◆ Provided material ◆

____

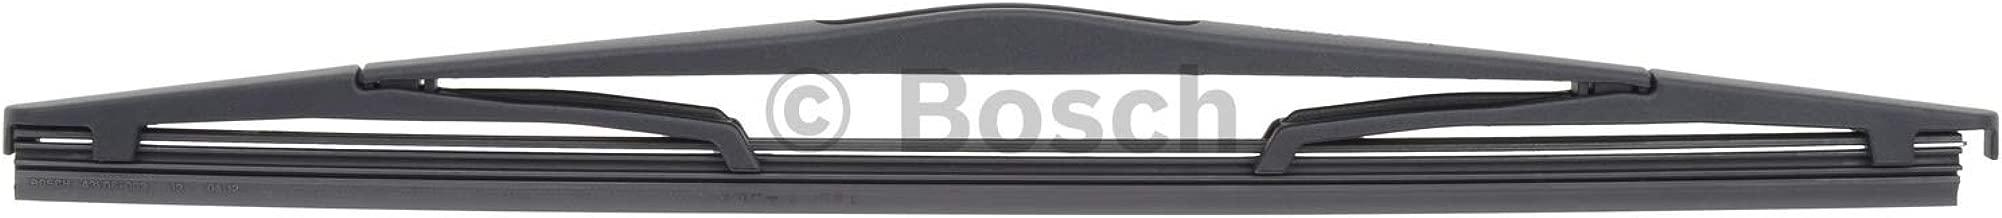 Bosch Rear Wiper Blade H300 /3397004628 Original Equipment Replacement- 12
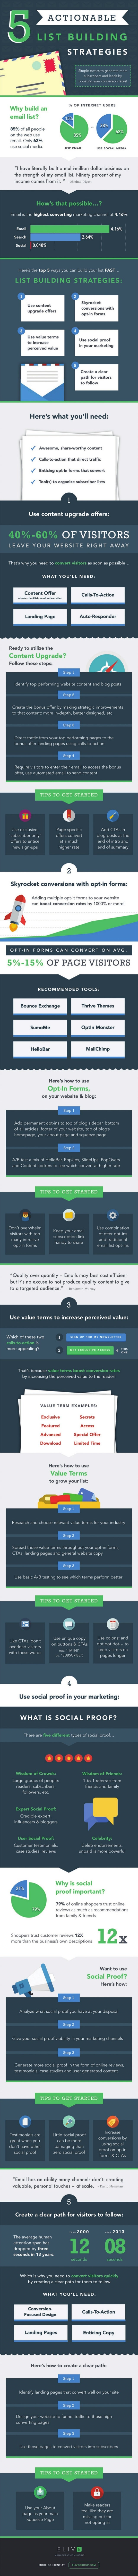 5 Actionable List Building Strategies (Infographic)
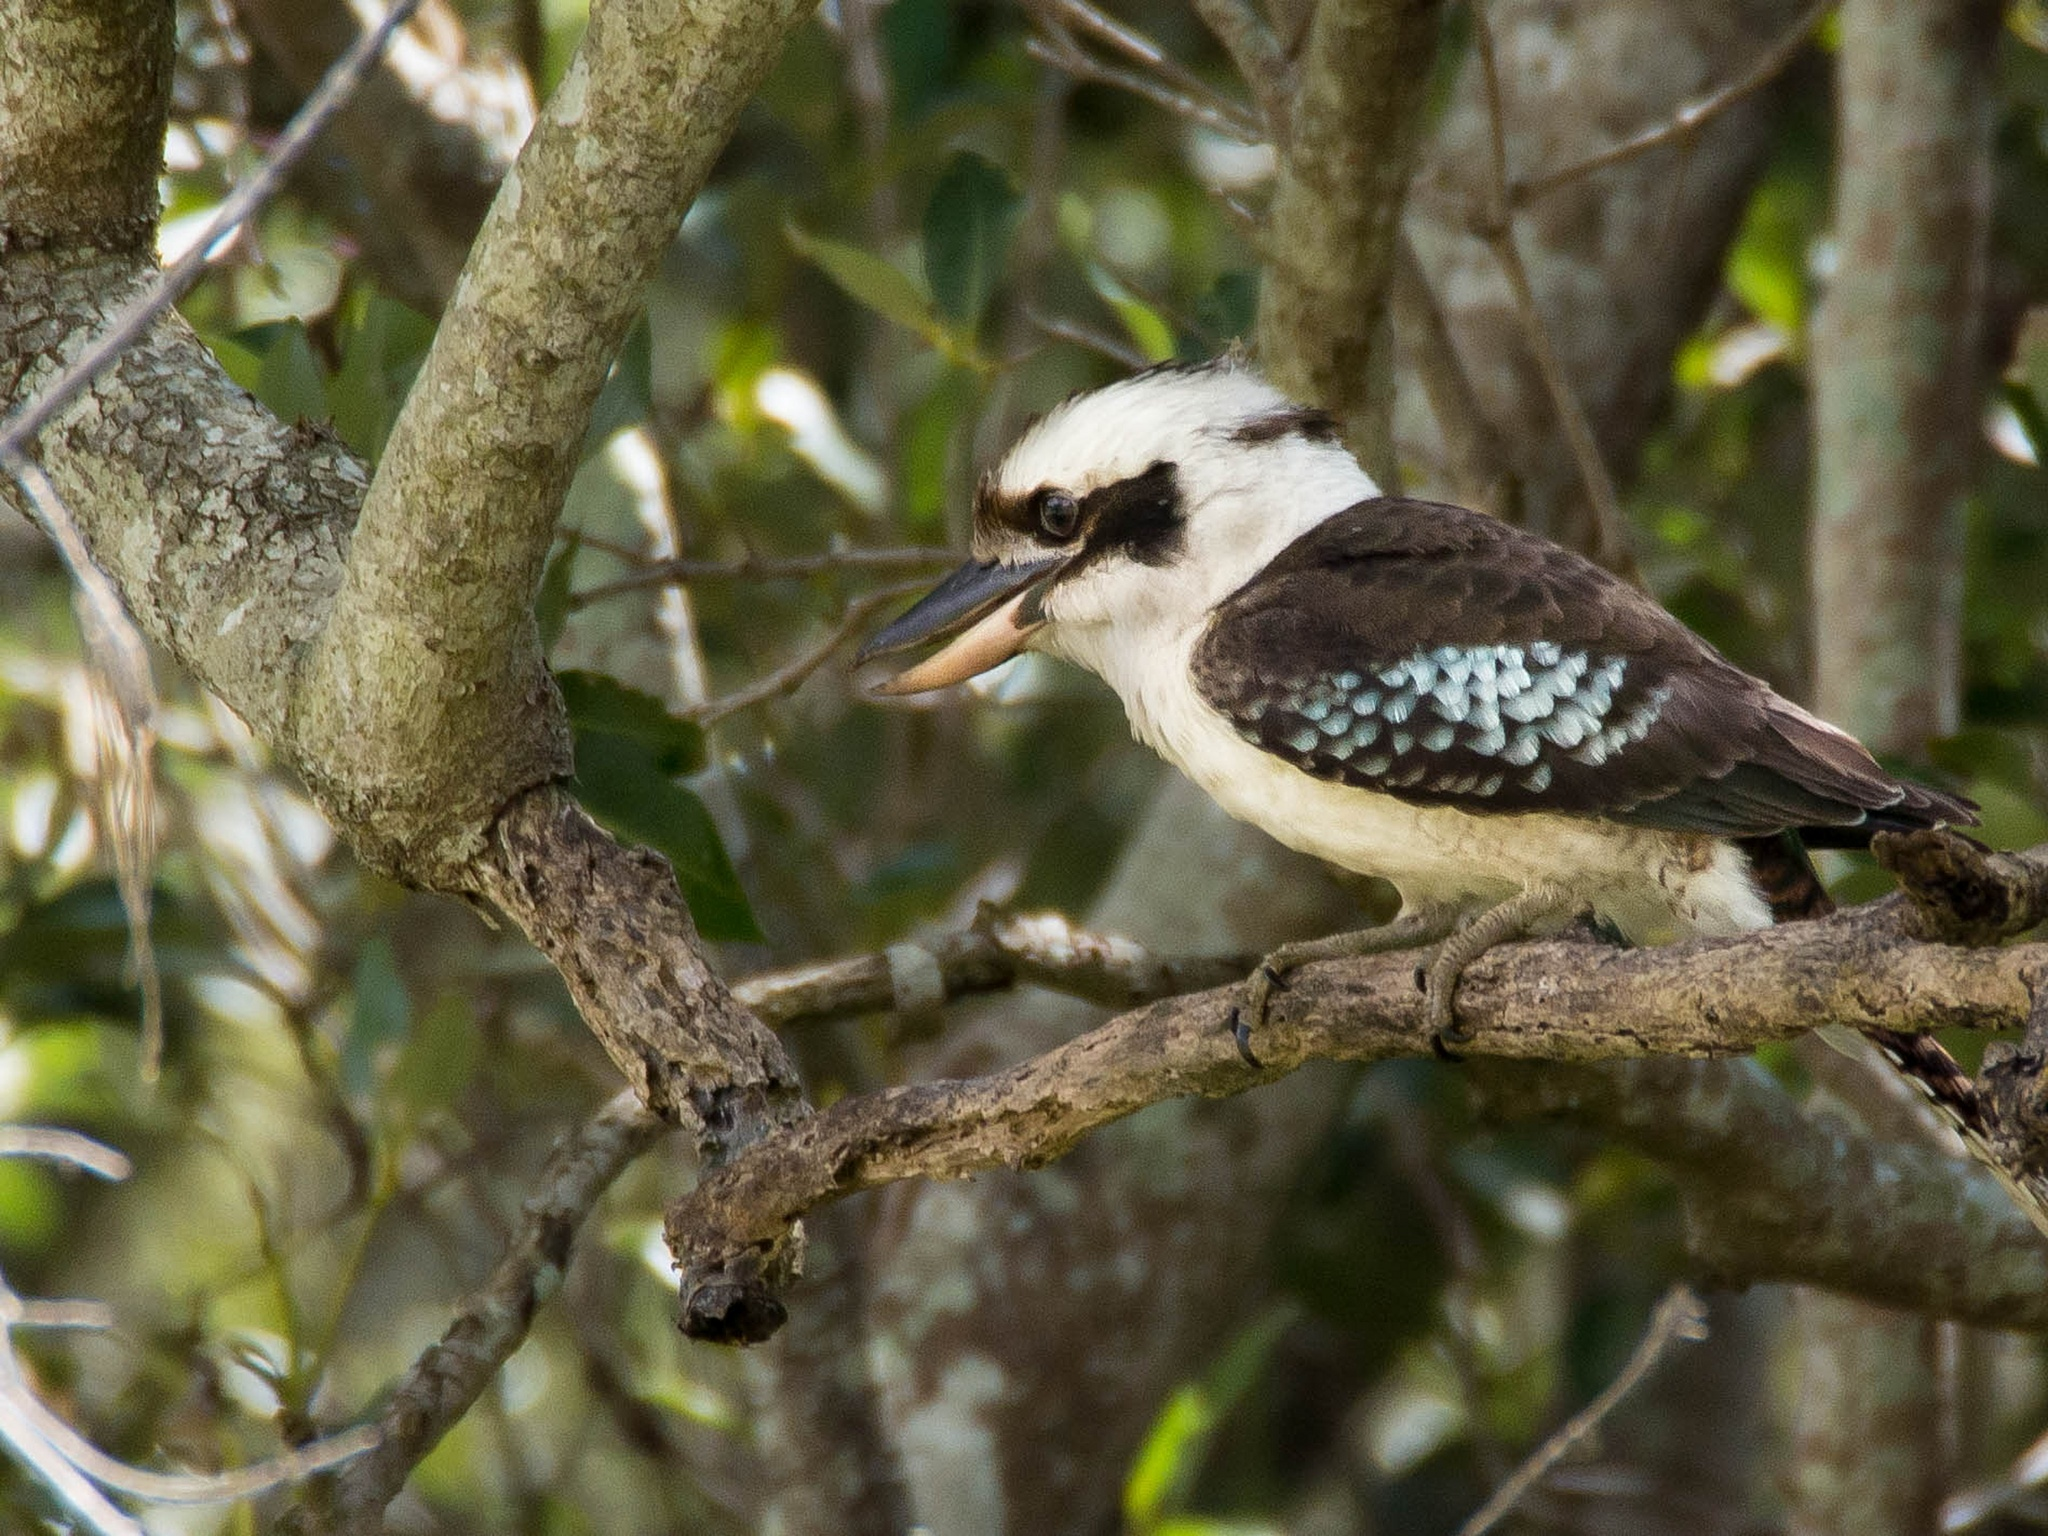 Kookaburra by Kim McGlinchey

____

◆ Work task ◆
Could you write out every line above exactly as it stands, with no images?

◆ Exercise answer ◆
 Bosch Rear Wiper Blade H300 /3397004628 Original Equipment Replacement- 12
 5 Actionable List Building Strategies (Infographic)
 Kookaburra by Kim McGlinchey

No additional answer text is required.